If something breaks down in my apartment, I expect maintenance to come and fix it because that is why I pay rent. That’s all they’re there to do. I don’t give a rat’s patootie if the maintenance person has the same musical taste as I do. That’s completely irrelevant. Just come fix the darn sink.
I feel the same about politicians. If I go to a city hall meeting, I come with an agenda I’m trying to push. I come with concerns. I come with data so that I can make a case for why these demands need to be met. I come with demands from city council.
It’s not a social event; it’s an opportunity for me to check on how well you’re performing the job you assigned. I want them to do a specific job, and I let them know that, if they don’t do the job I demand, I and the individuals I’m with will hold them accountable for it.
If they don’t do the job we want, we don’t vote for them, and we convince a lot of other people not to support them. Whether I like them or not is irrelevant.

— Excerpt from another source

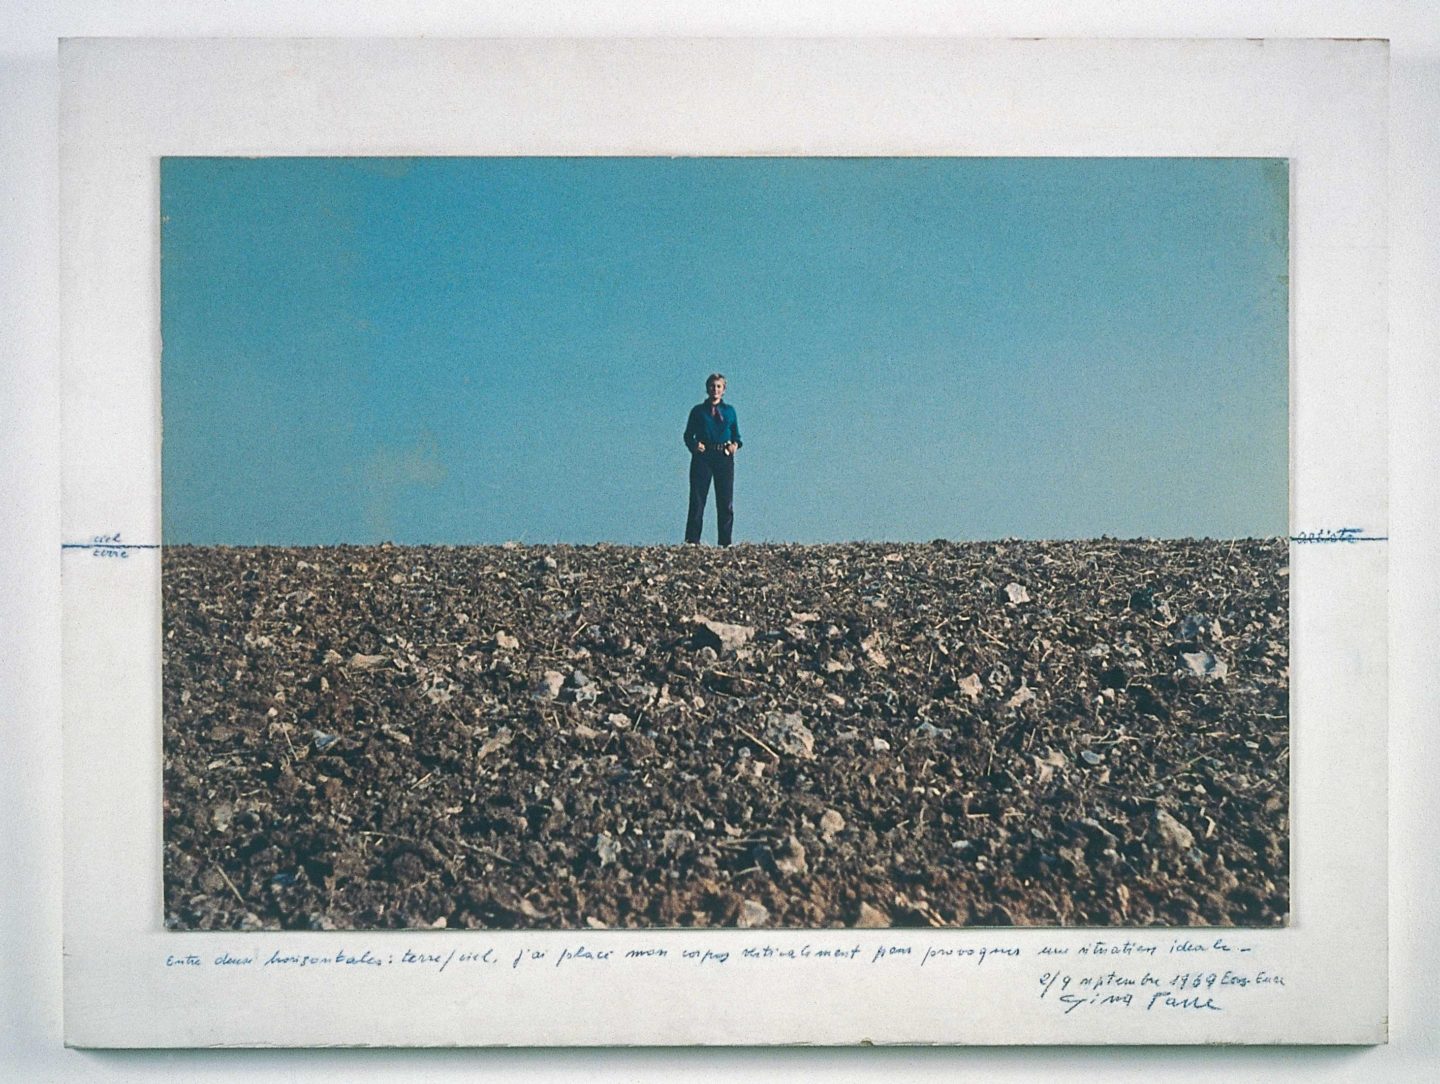 gina pane, "Situation idéale : Terre-Artiste-Ciel. 1969", Écos (Eure), 1969. Cliché de Stéphane Bellanger
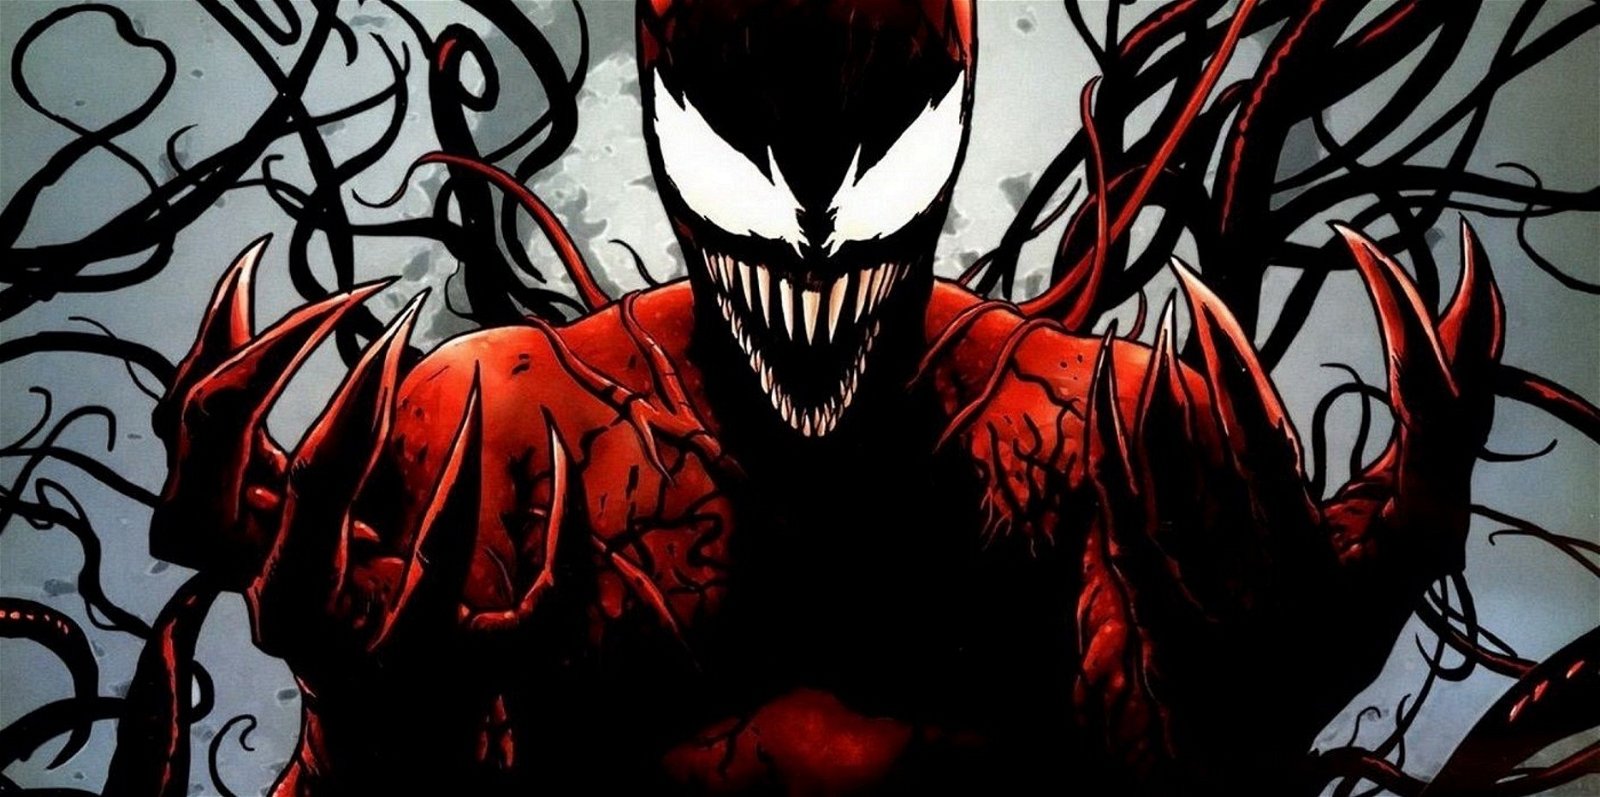 Spiderman: Los 15 villanos más poderosos a los que se ha enfrentado

That is how I judge Barack Obama and every other politician. Black people, if we want to accomplish any kind of policy change that in our favor, must begin seeing politicians through this type of context.
With the amount of tremendous influence Obama has, he could easily inform and organize black folks towards dismantling systematic white supremacy. He doesn’t have to worry about whether or not he’ll get votes or not, and he has secret service protecting him. Really, what does he have to lose at this point?